Posted by on in Culture Blogs

Anyone who has ever lived in the North can tell you about it: snowlight. Waking from an afternoon nap I knew immediately, by the light alone, that snow was falling. Snowlight.

What's most surprising is just how bright it is. Some years back at a Midwinter's Eve bonfire down at Coldwater Spring, the ritualists went on and on about how this night, being the solstice, was the darkest night. Unconscious irony is my favorite kind. While they talked darkness, we all stood there in a night striking for its brightness. We'd had so much snow that year that one could practically have read a newspaper by the ambient light from the drifts and sky. Snowlight.

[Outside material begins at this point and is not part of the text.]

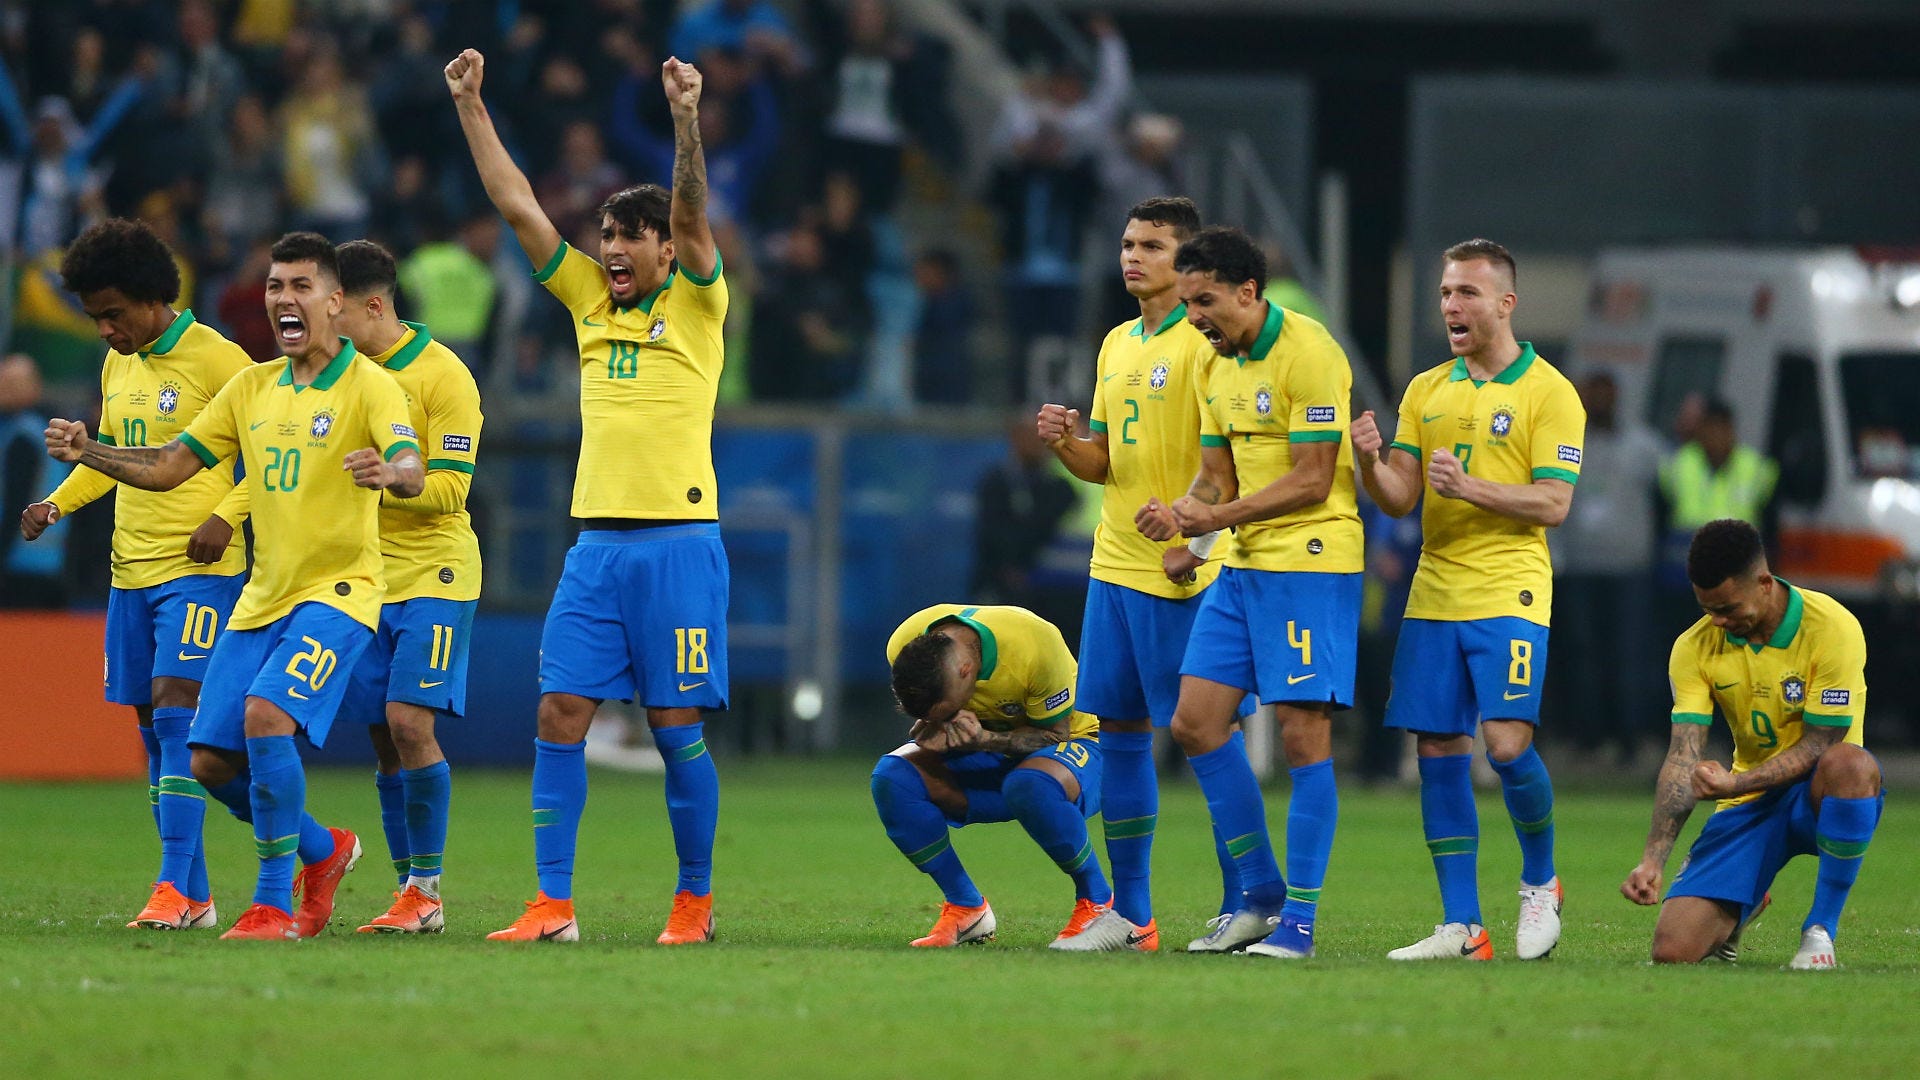 Sedese - Mineirão recebe jogos da Copa América 2019 a partir do próximo  domingo

In quality and color it more nearly resembles moonlight than anything else: like the Moon's, snow's light is reflected light. But moonlight comes from a source, and snowlight is ambient. In snowlight, one immerses.

Snowlight has a certain thickness, a nearly tangible quality to it. One thinks of snow as silent, unlike rain. But the Northern ear knows that you can indeed hear snow. It's a high, crystalline ringing, all those snowflakes chiming together as they fall, in which even familiar sounds echo strangely. The same is true of the light, as it bounces wildly back and forth from flake to falling flake. Snowlight.

Snow skies are white skies. White sky, white earth: a unity of whiteness, earth and sky one color. A world of whiteness.

 

I read Moby Dick during my first January in Minnesota. In the chapter “On the Whiteness of the Whale” Melville expounds on the color's many meanings, from purity to terror: White Whale, White Tower, White Lady. The chapter climaxes with a ringing apocalyptic vision of a world entirely white, a universe dead of entropy.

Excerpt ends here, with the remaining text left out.